It’s called Crocodoc but it surely won’t bite

This week, the tool I discovered is called Crocodoc.

It is a web application that allows you to upload Microsoft Office documents of PDF files and modify them. In fact, the functions of this web app allow you to highlight, take notes and add comments directly on the document you have uploaded. There are some tutorials online that can help you get started with the application. It’s actually really user-friendly because you don’t need to register to have access to the documents. When you upload a document in Crocodoc, the application creates an URL link for the document and that is what you share with others.

In the classroom, I could use this website to correct my students’ papers. I could use the “note” function and comment on what they are missing or what they should add. I can even directly write on their document or highlight the parts that they need to work on.

Also, as Richard Byrne mentioned, I could ask my students to use Crocodoc for peer editing.

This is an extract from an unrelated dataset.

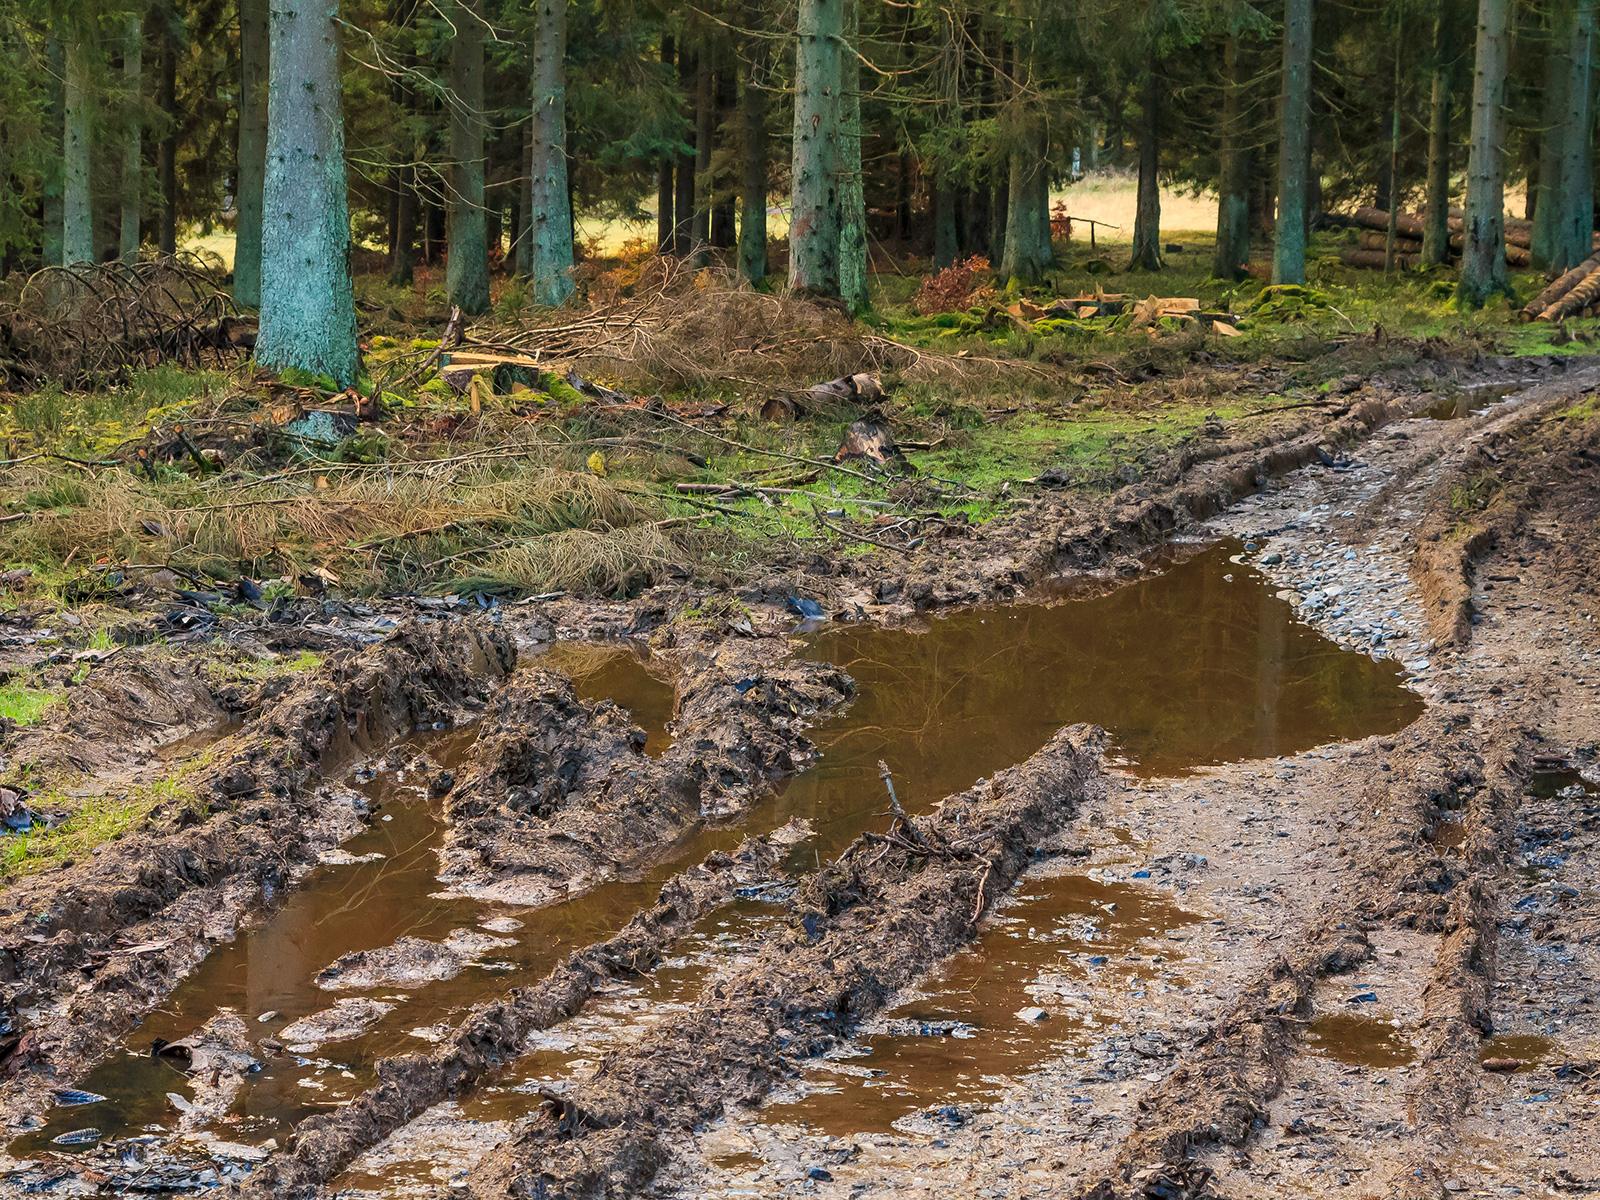 tiefe Bodengleise neben dem Forstweg
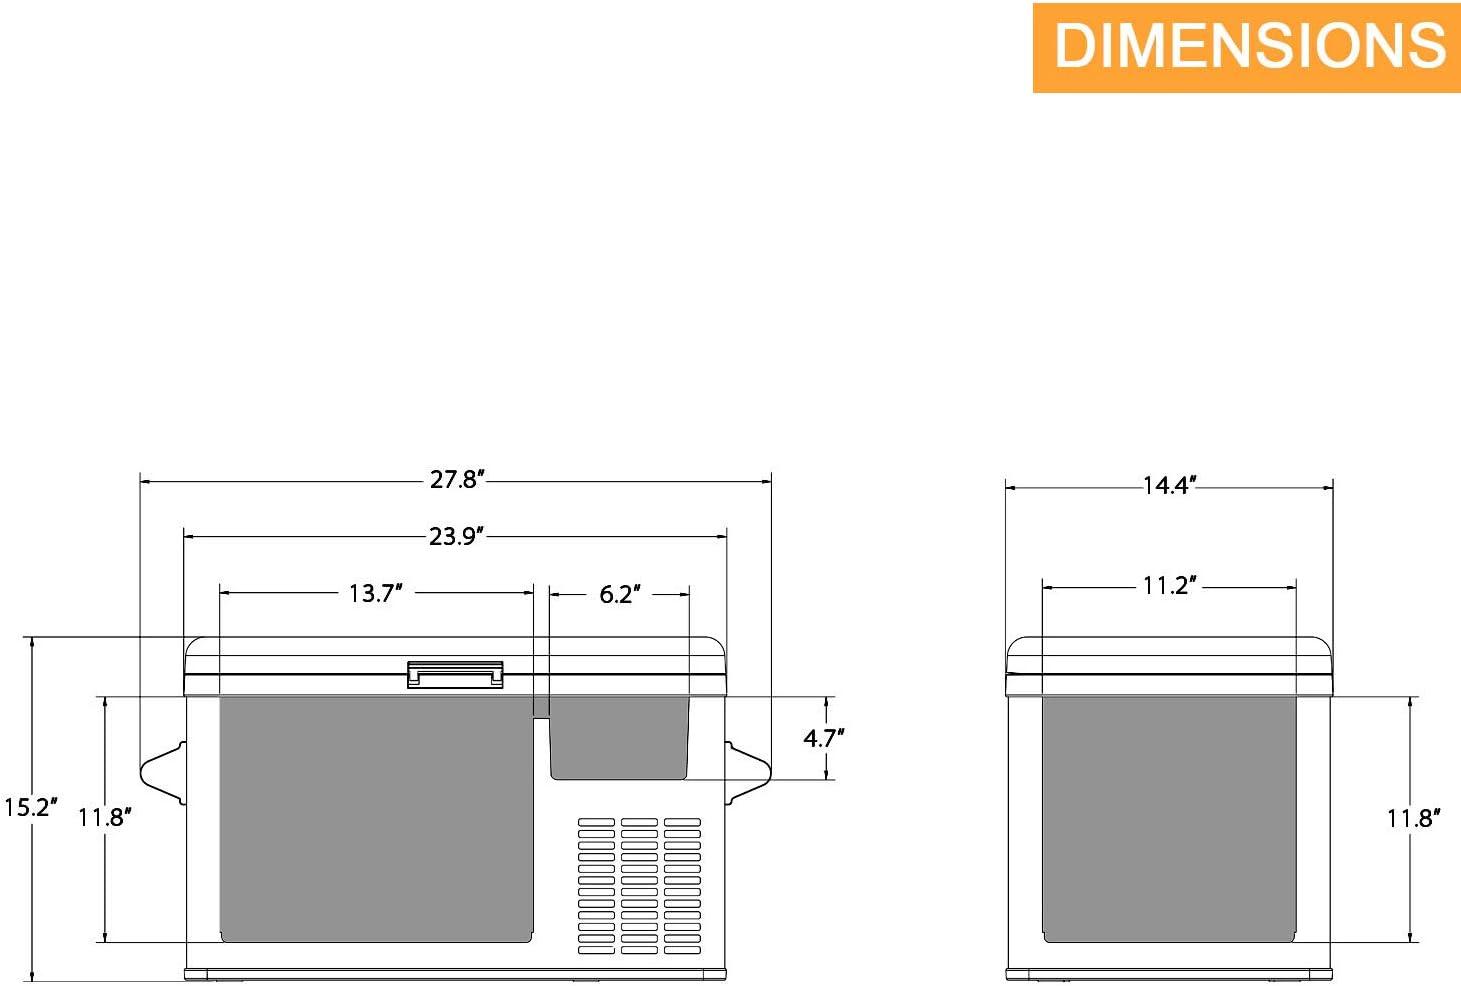 Aspenora 37-Quart Portable Fridge Freezer 12V Car Refrigerator Car Fridge with Compressor Touch Screen for Vehicle Truck RV Camping Travel Outdoor Driving 37-Quart -4℉ ~ 68℉ 12//24V DC and 110V AC

Students could leave comment on other students’ work and they could even work on a project together without constantly deleting the version of the others (as it would do with a tool like Google Docs, for example).

Also, as stated on this blog, I could use it to modify files or course notes that I would have done in the past. For example, I could add little notes on it as reminders or I could underline parts which I think I should put more emphasis on.

Finally, as I read here, Crocodoc made a major improvement from their original version. Indeed, they allowed its users to annotate websites. This is really great because I could ask my students to read information on a webpage and to give their opinion or underline the main ideas directly on the page. They could then send me the URL corresponding to their work and I could see what they did. That way, I would know if they got the information right. Of course, you can understand that the possibilities are greater if I do it that way than if I have to print all the text from the webpages and bring a copy in class for each student.

I think Crocodoc is a real time saver and I’m sure that it will become one of the most used tools for annotating documents in the future. I know I’ll start to use it right away!